Task brief
Quote word for word from the line holding "Information om respektive" to the last line below, including both, and omit any pictures.

BEGIN Input for this task

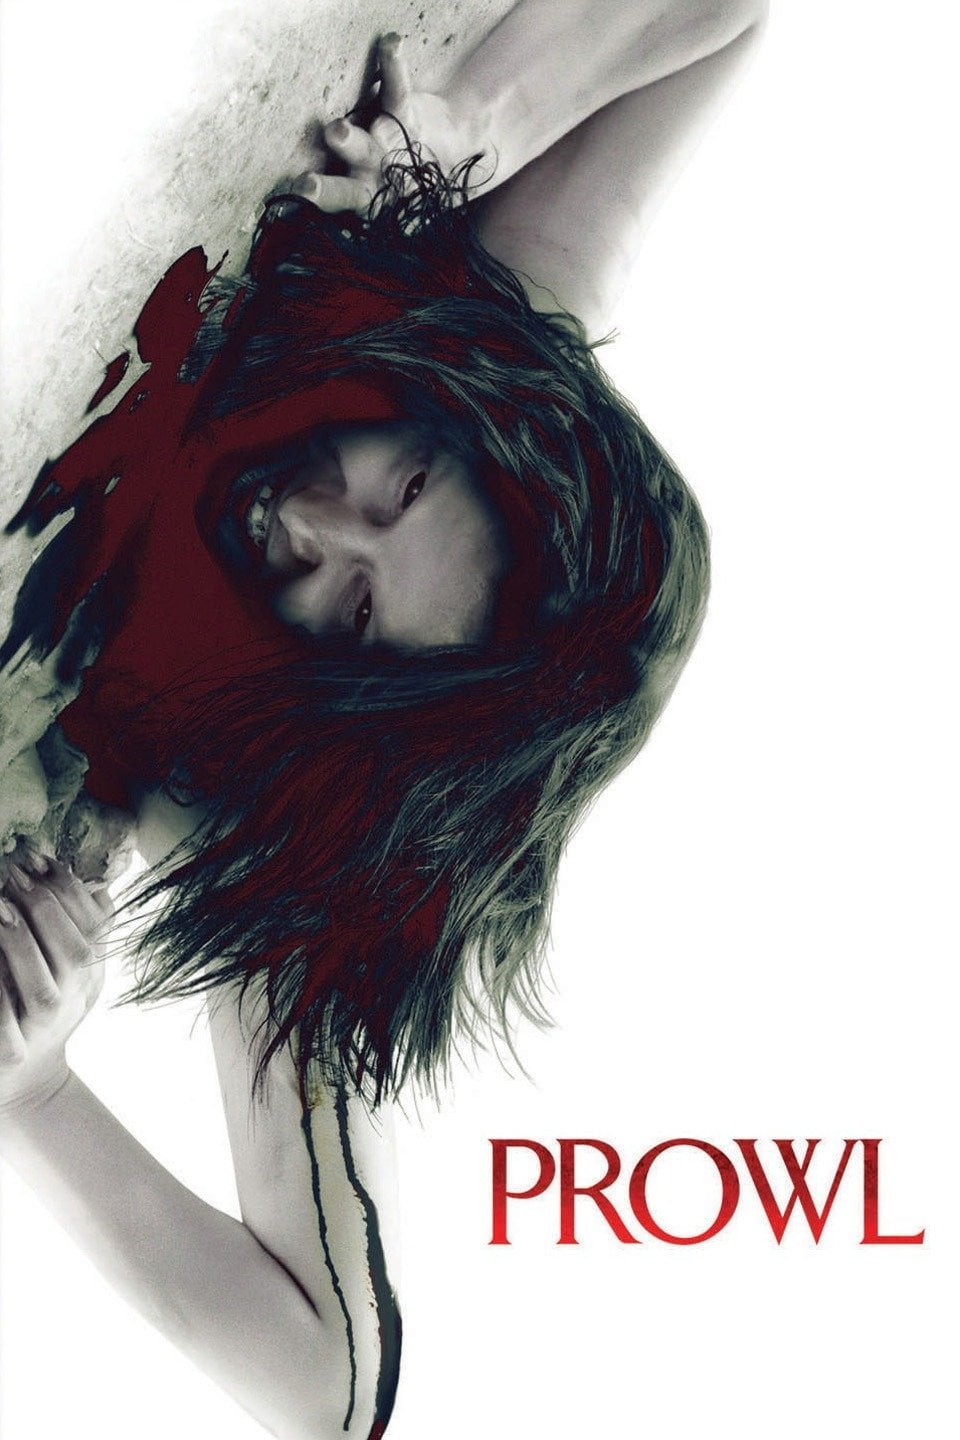 Prowl [Sub-ITA] (2010)
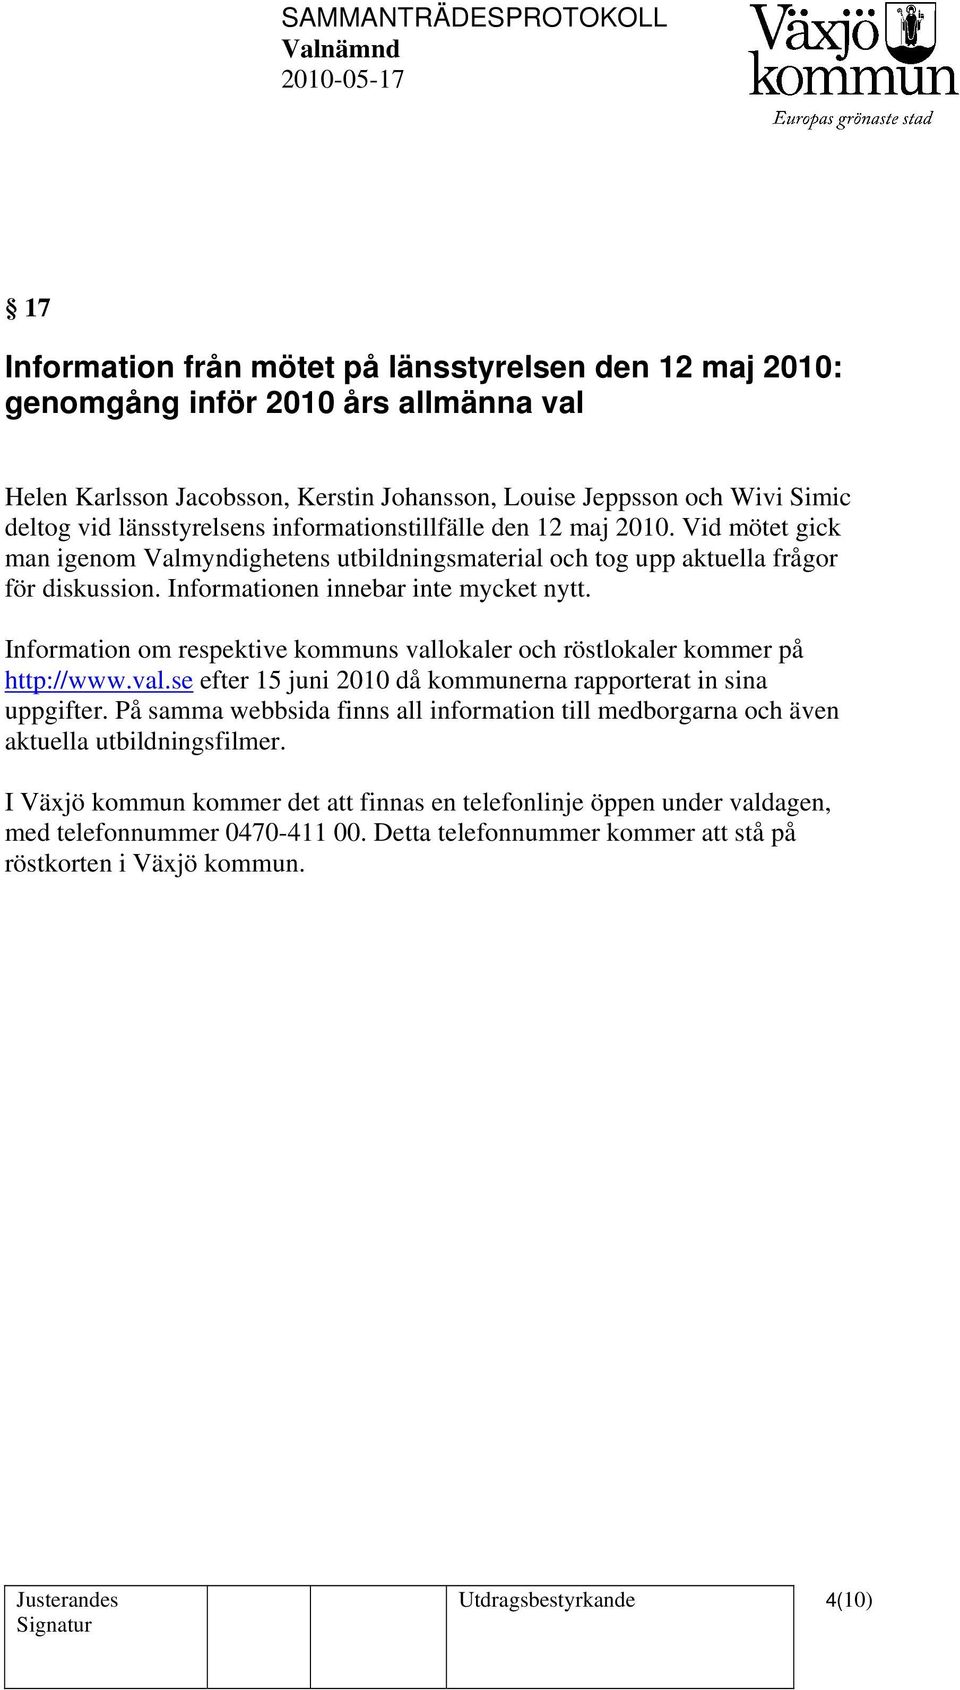 Information om respektive kommuns vallokaler och röstlokaler kommer på http://www.val.se efter 15 juni 2010 då kommunerna rapporterat in sina uppgifter.
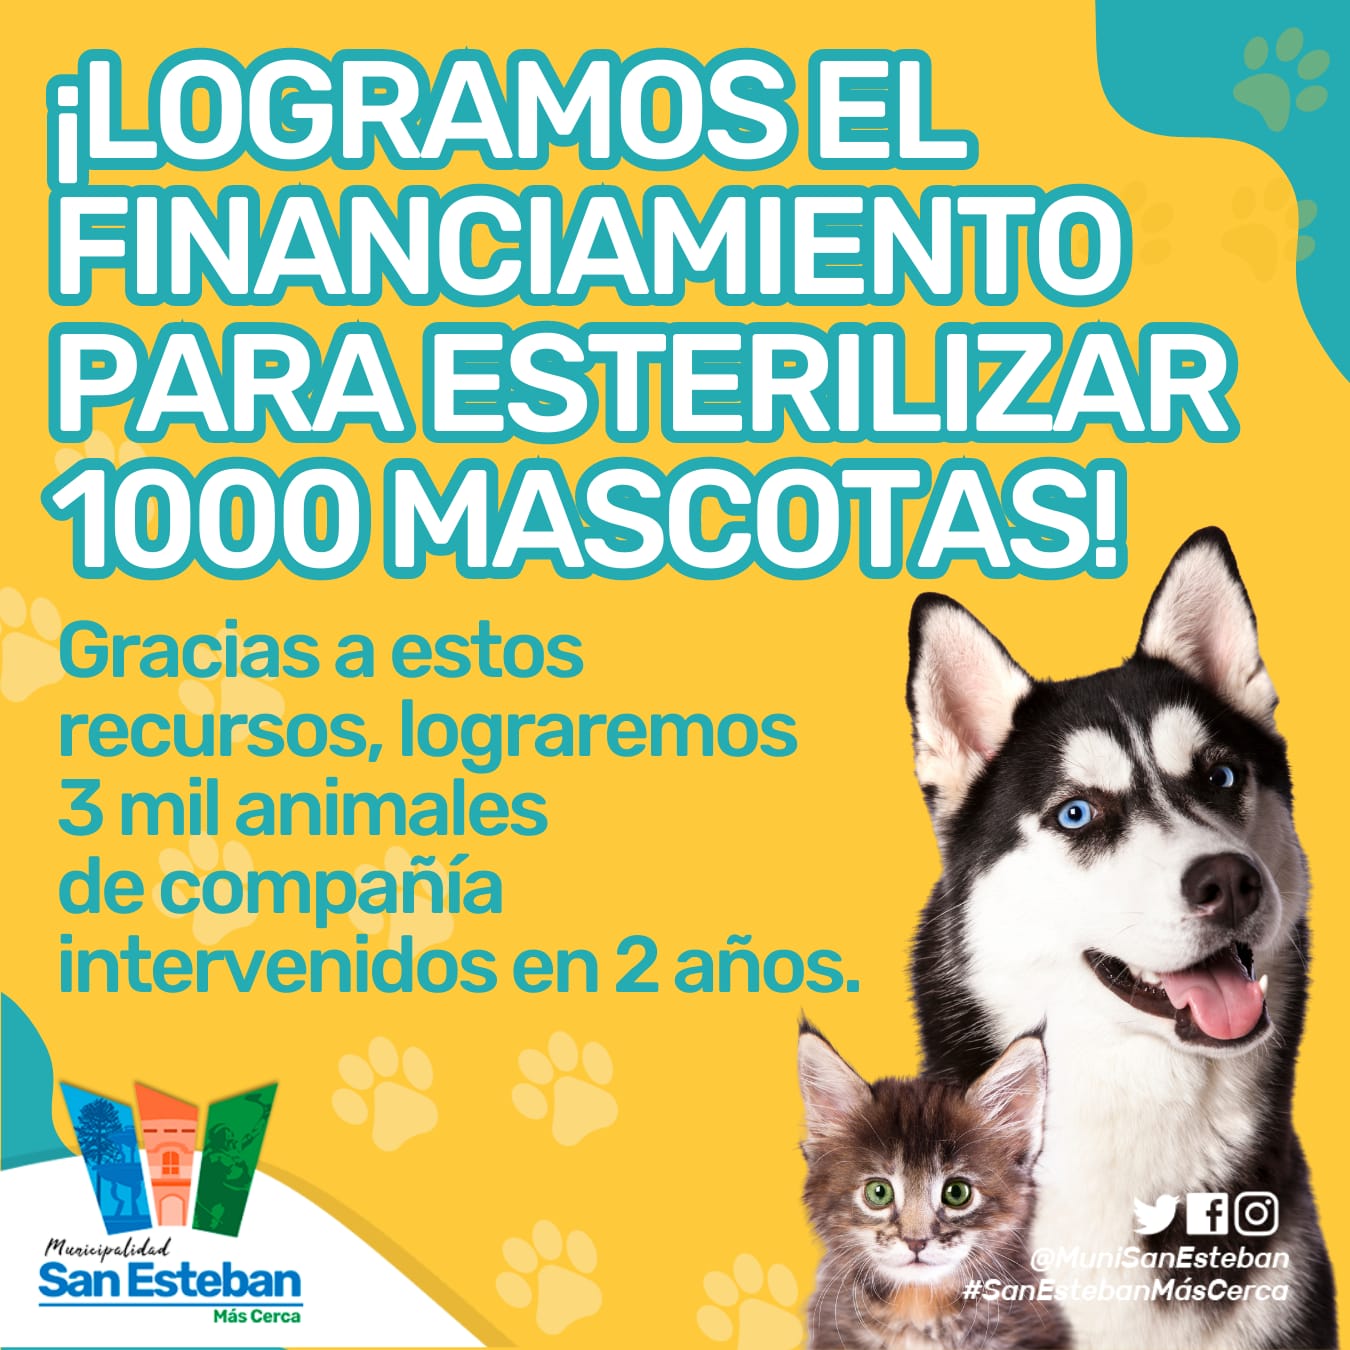 SAN ESTEBAN: Municipio de San Esteban obtuvo recursos para realizar mil esterilizaciones y llegarán a las 3 mil mascotas intervenidas en 2 años
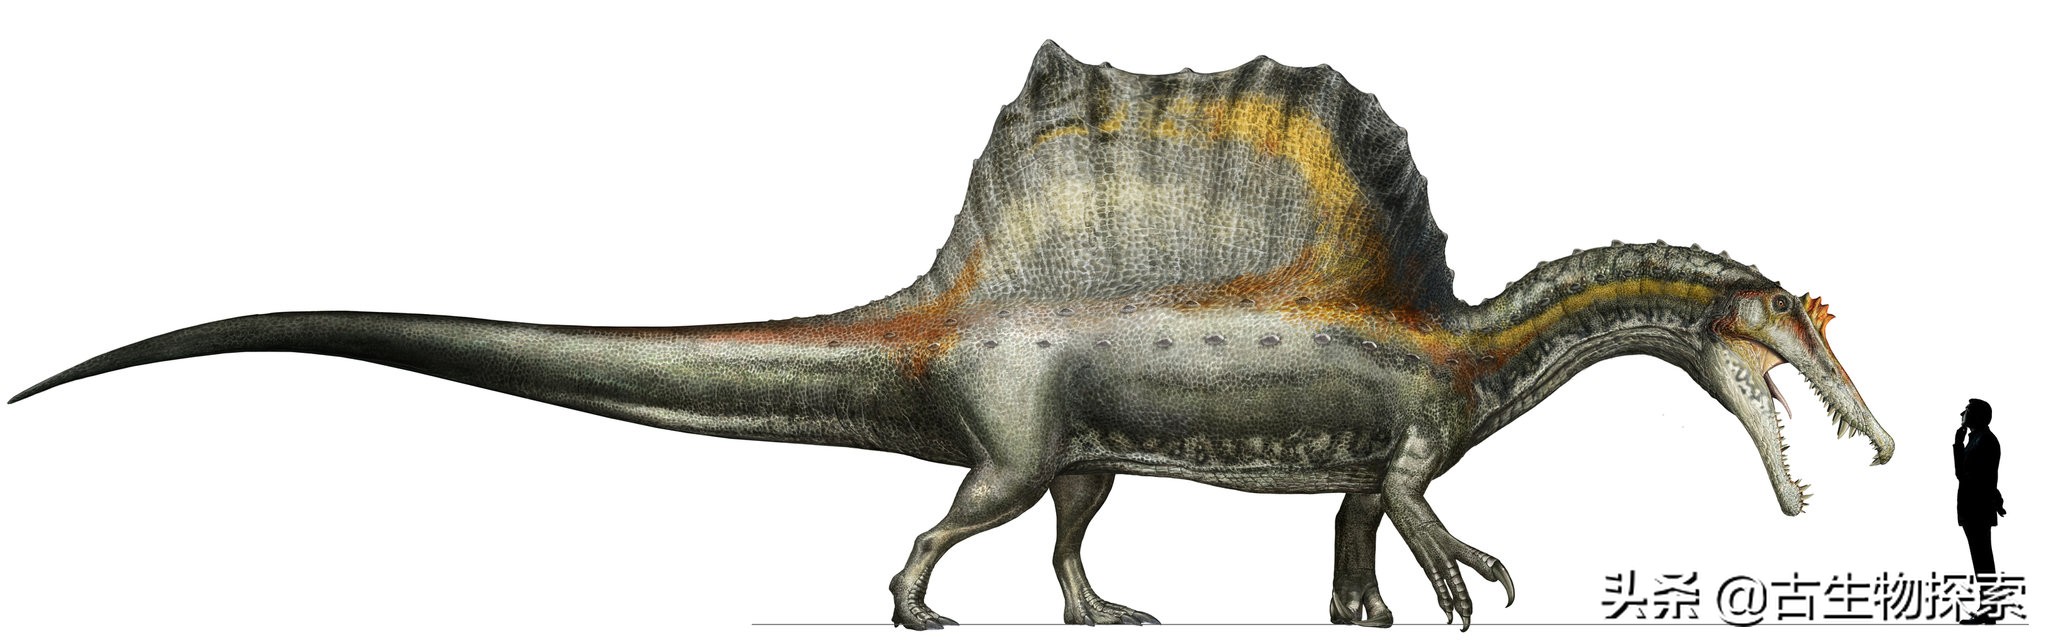 吉龙恐龙百科图片
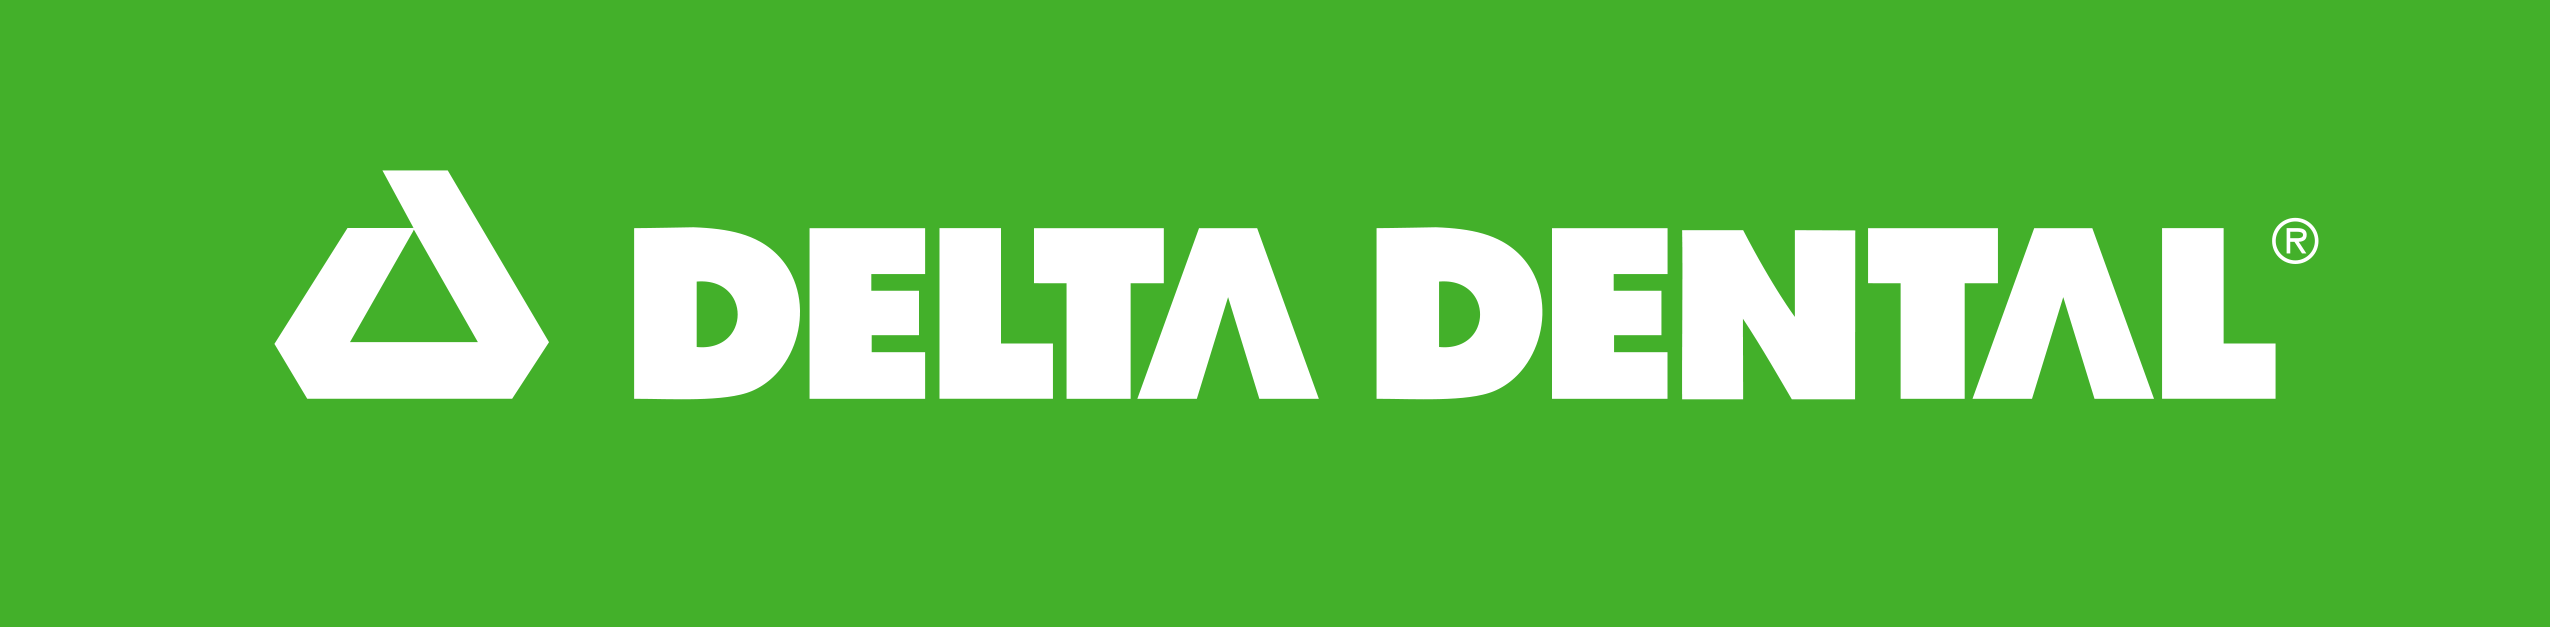 Sponsor Delta Dental

END Input for this task

Solution to this task
 Information om respektive kommuns vallokaler och röstlokaler kommer på http://www.val.se efter 15 juni 2010 då kommunerna rapporterat in sina uppgifter.
 SAN ESTEBAN: Municipio de San Esteban obtuvo recursos para realizar mil esterilizaciones y llegarán a las 3 mil mascotas intervenidas en 2 años
 吉龙恐龙百科图片
 Sponsor Delta Dental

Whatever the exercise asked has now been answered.